Rava Dosa (1 Piece) and Coconut Chutney (1 Tablespoon)
Breakfast
150 mg/dL
avg. peak value
Usually causes a medium spike
Avg. Food Score on Ultrahuman App
Ultrahuman Users got an UNSTABLE response
How to consume Coconut Chutney, Rava Dosa without glucose spikes
Portion Control
Start by reducing the portion size of the coconut chutney and rava dosa. Enjoy smaller servings to minimize the impact on your blood sugar levels.
Add Fiber
Incorporate high-fiber foods into your meal. Consider adding a side of leafy greens or a small salad with kale or spinach, which can help slow down the absorption of carbohydrates.
Protein Boost
Pair your meal with a source of lean protein, such as grilled chicken or tofu.
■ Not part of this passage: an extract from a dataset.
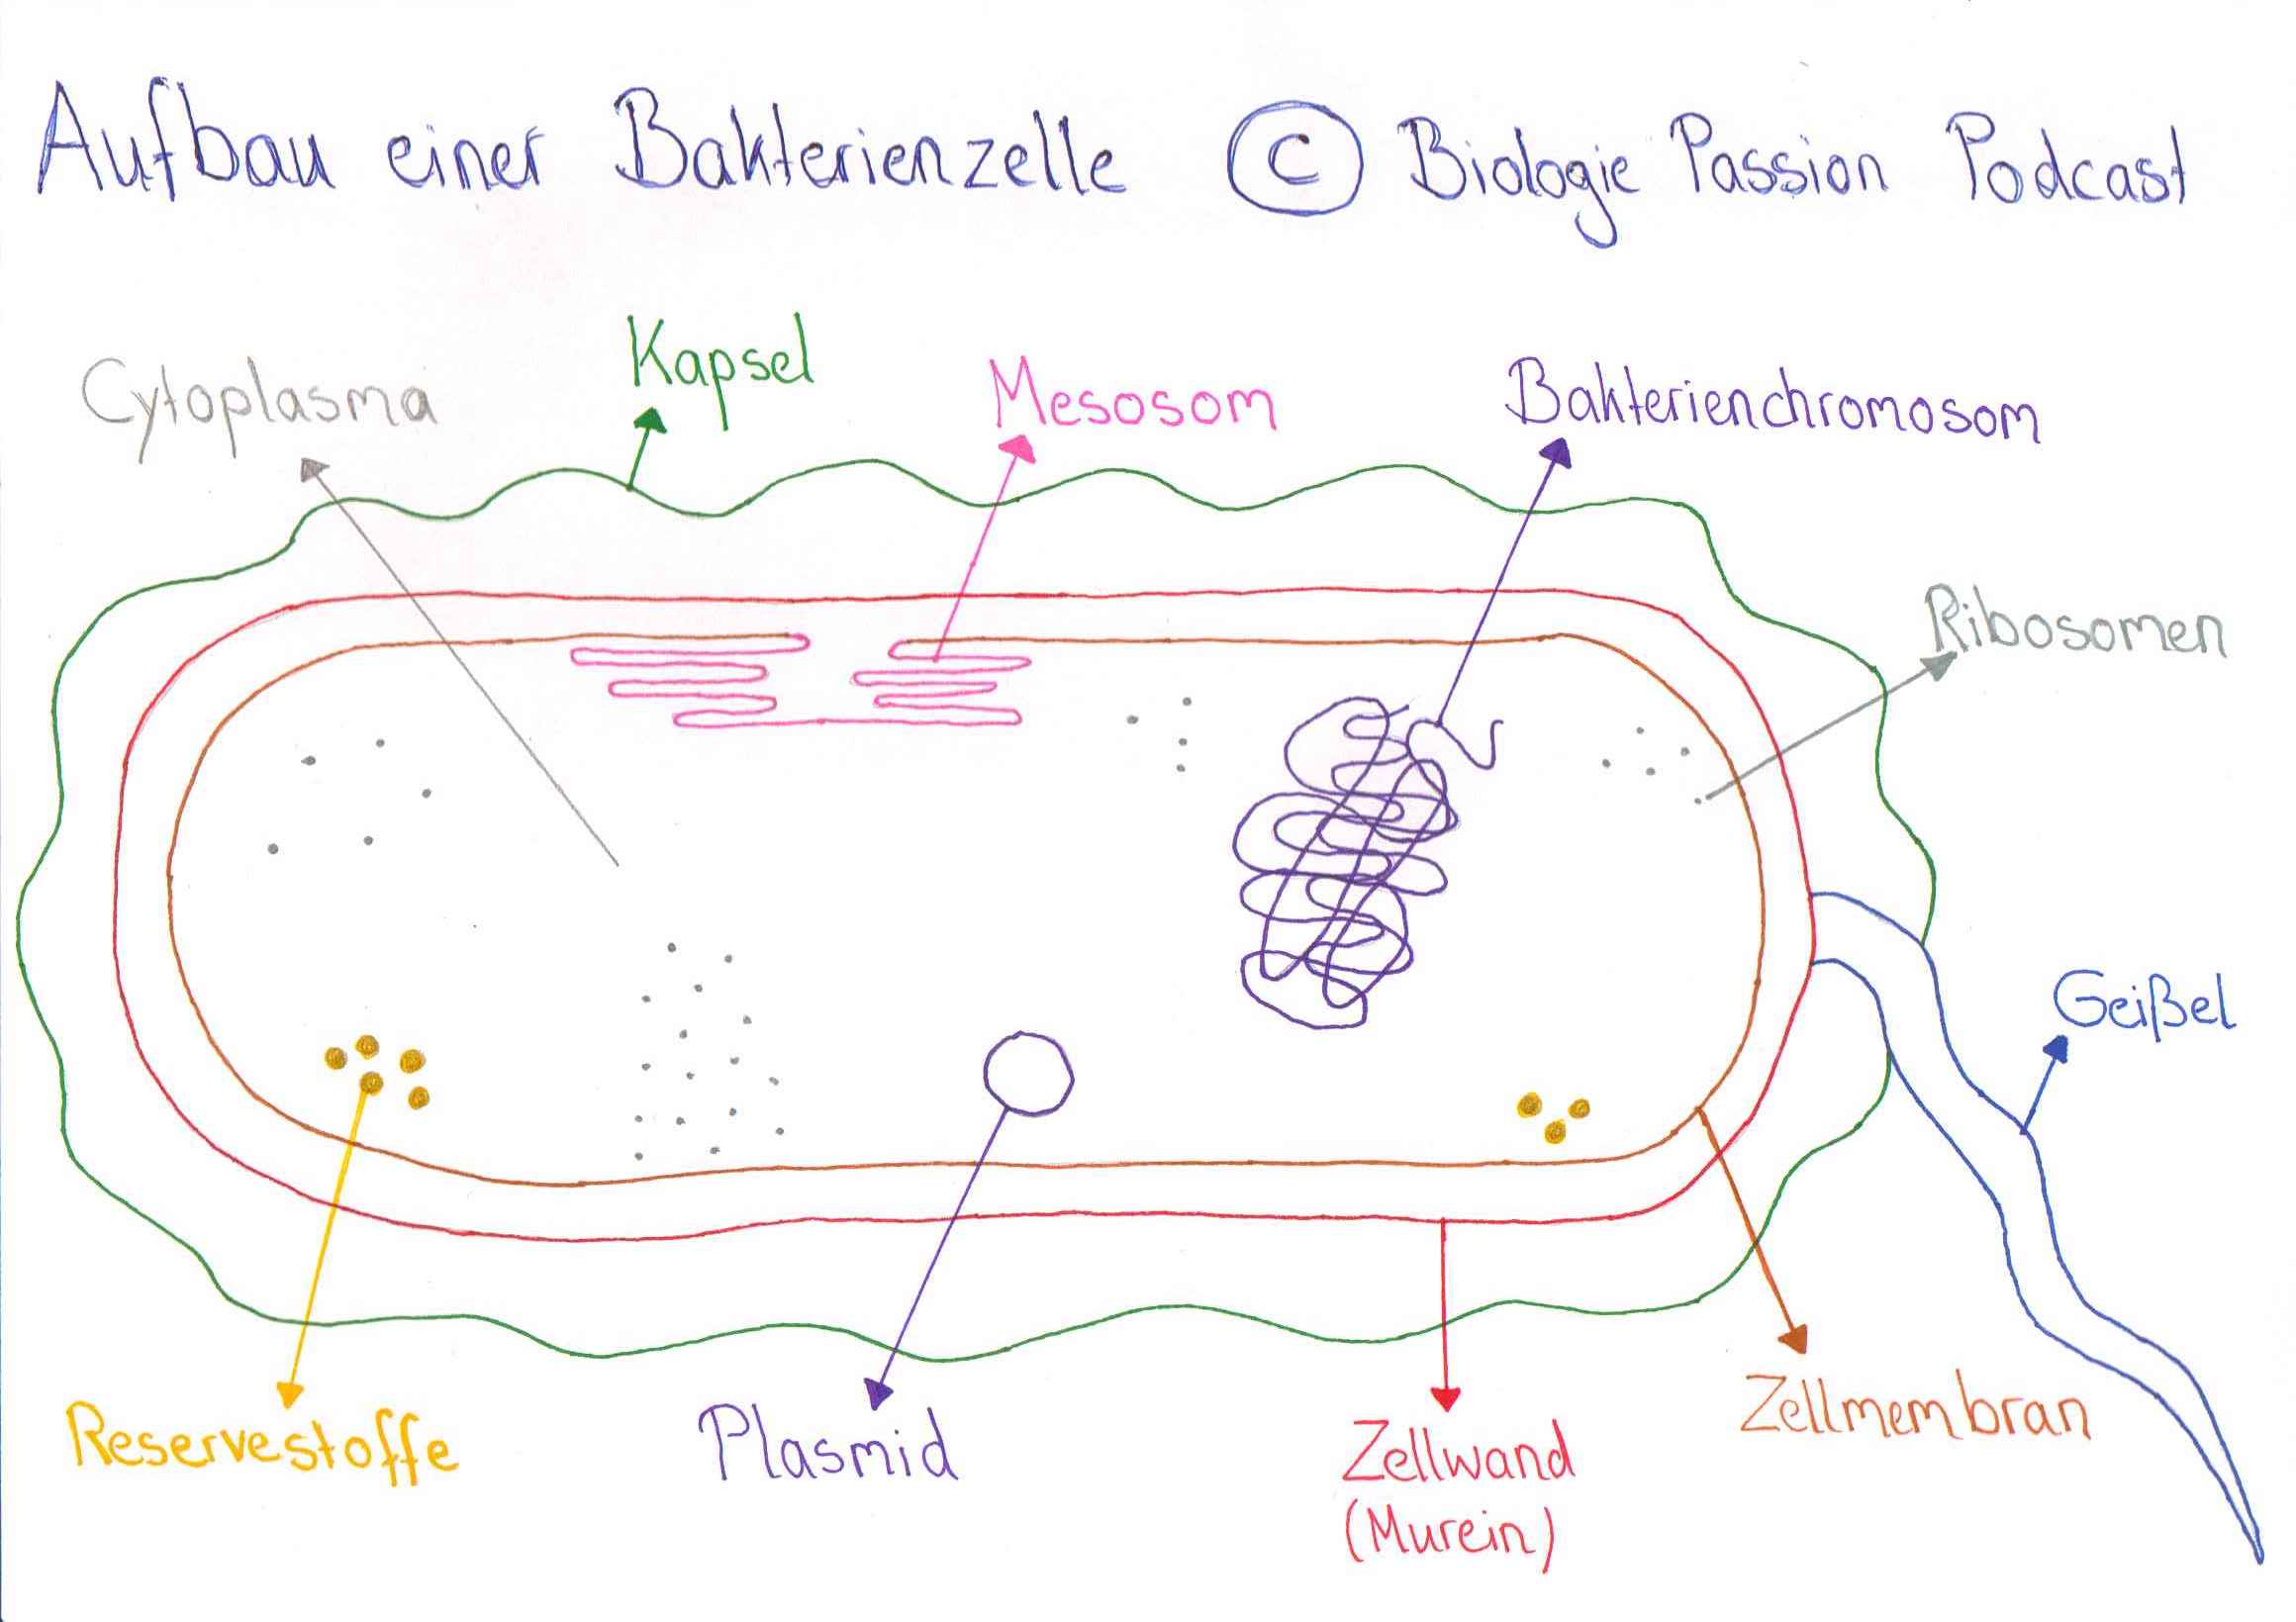 Aufbau einer Bakterienzelle / Bakterien - Biologie Passion Podcast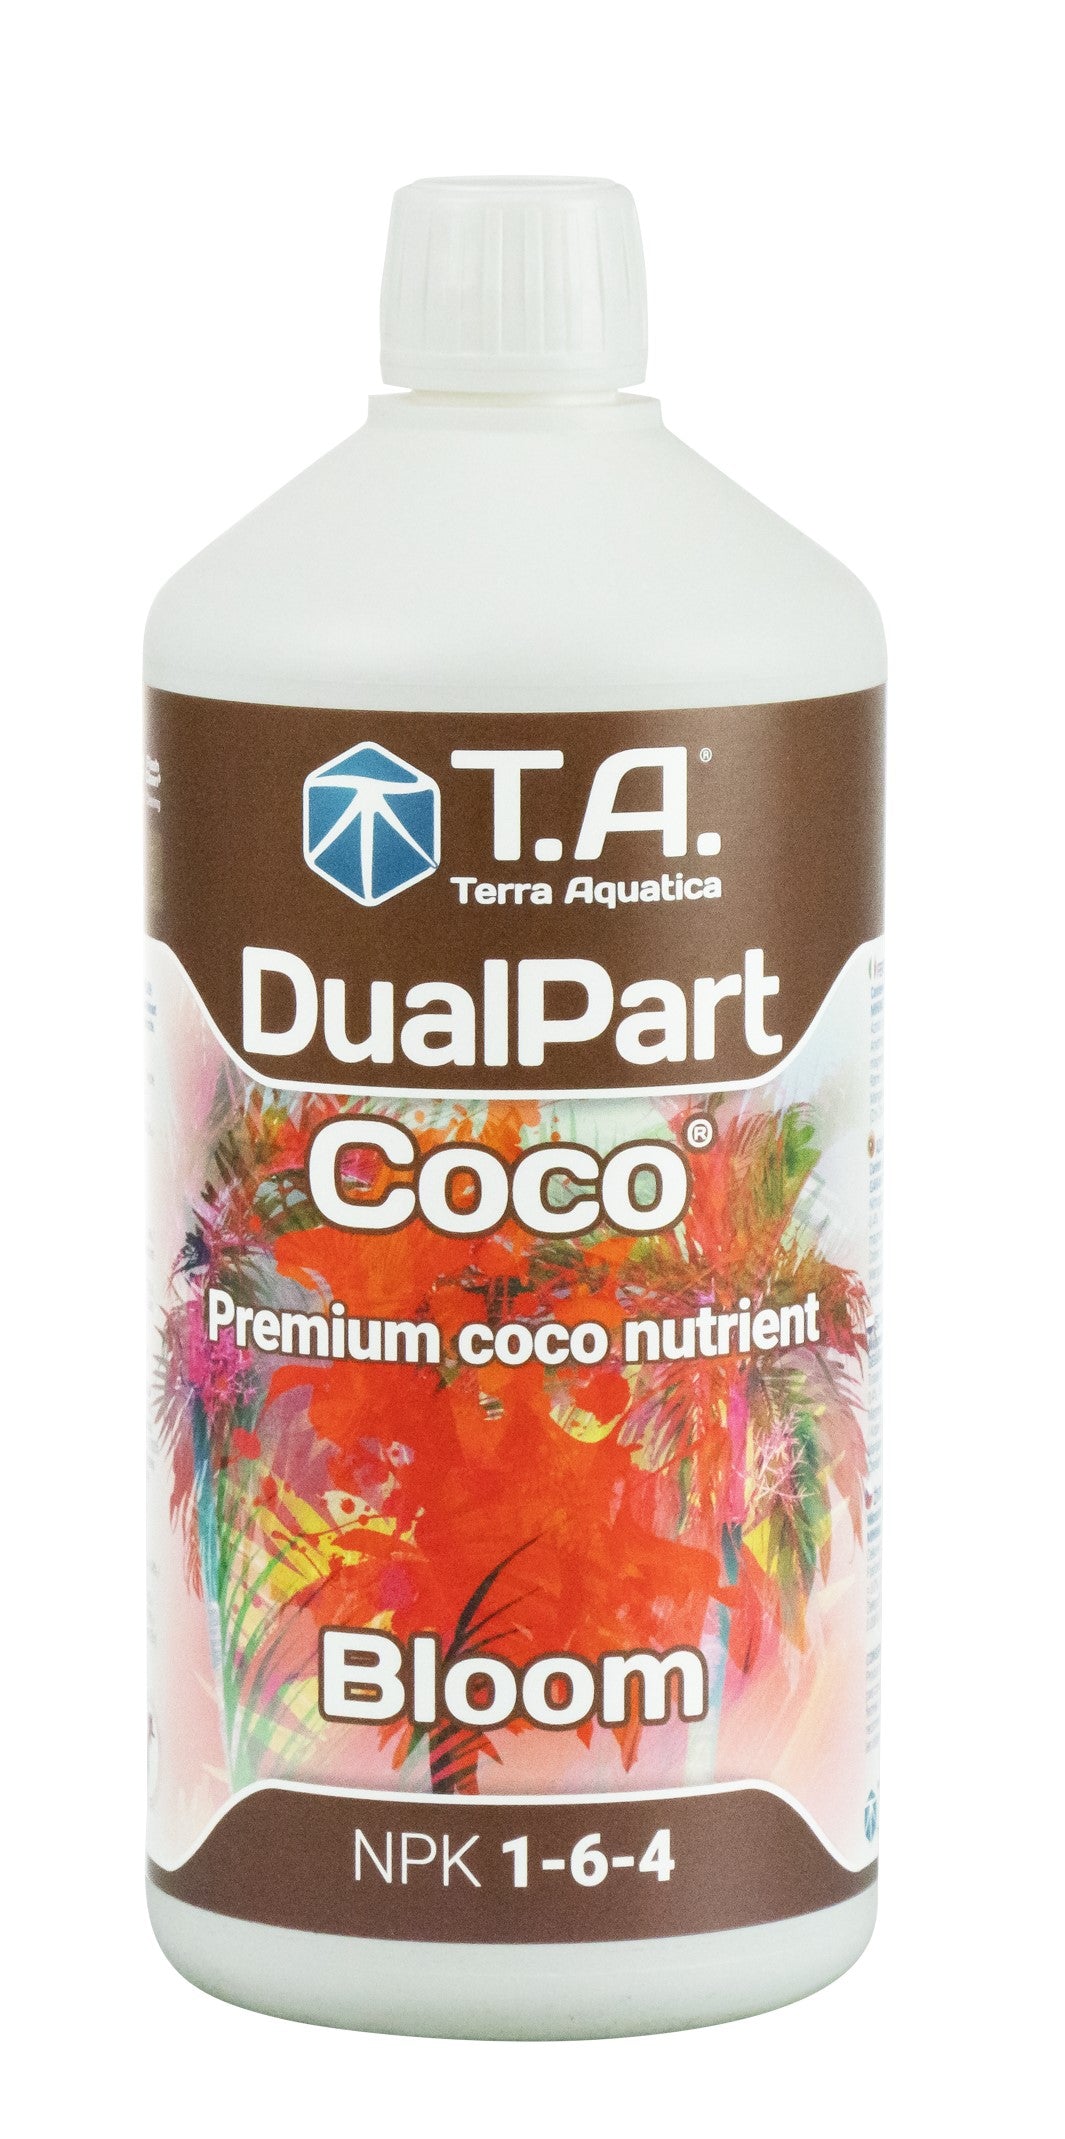 DualPart Coco

Protein can help stabilize blood sugar levels when consumed with carbohydrates.
Healthy Fats
Include healthy fats like avocado or a small serving of nuts, such as almonds or walnuts, to help moderate blood sugar responses.
Stay Hydrated
Drink plenty of water before and during your meal. Proper hydration can aid digestion and help manage blood sugar levels.
Slow Eating
Take your time to eat slowly and mindfully. This practice can help regulate your body's response to the meal by giving it time to process the food.
Pre-Meal Snack
Consider having a small, balanced snack before consuming the coconut chutney and rava dosa. A handful of mixed nuts or a piece of fruit like an apple can help moderate blood sugar spikes.
Opt for Whole Grains
If possible, choose a dosa made with whole grains or a blend including whole grains. This can provide more nutrients and fiber.
Exercise
Engage in light physical activity, such as a short walk, after your meal. Exercise can help lower post-meal blood sugar levels by increasing insulin sensitivity.
Monitor Consistently
Keep track of your blood sugar levels regularly to identify patterns and adjust your dietary habits accordingly.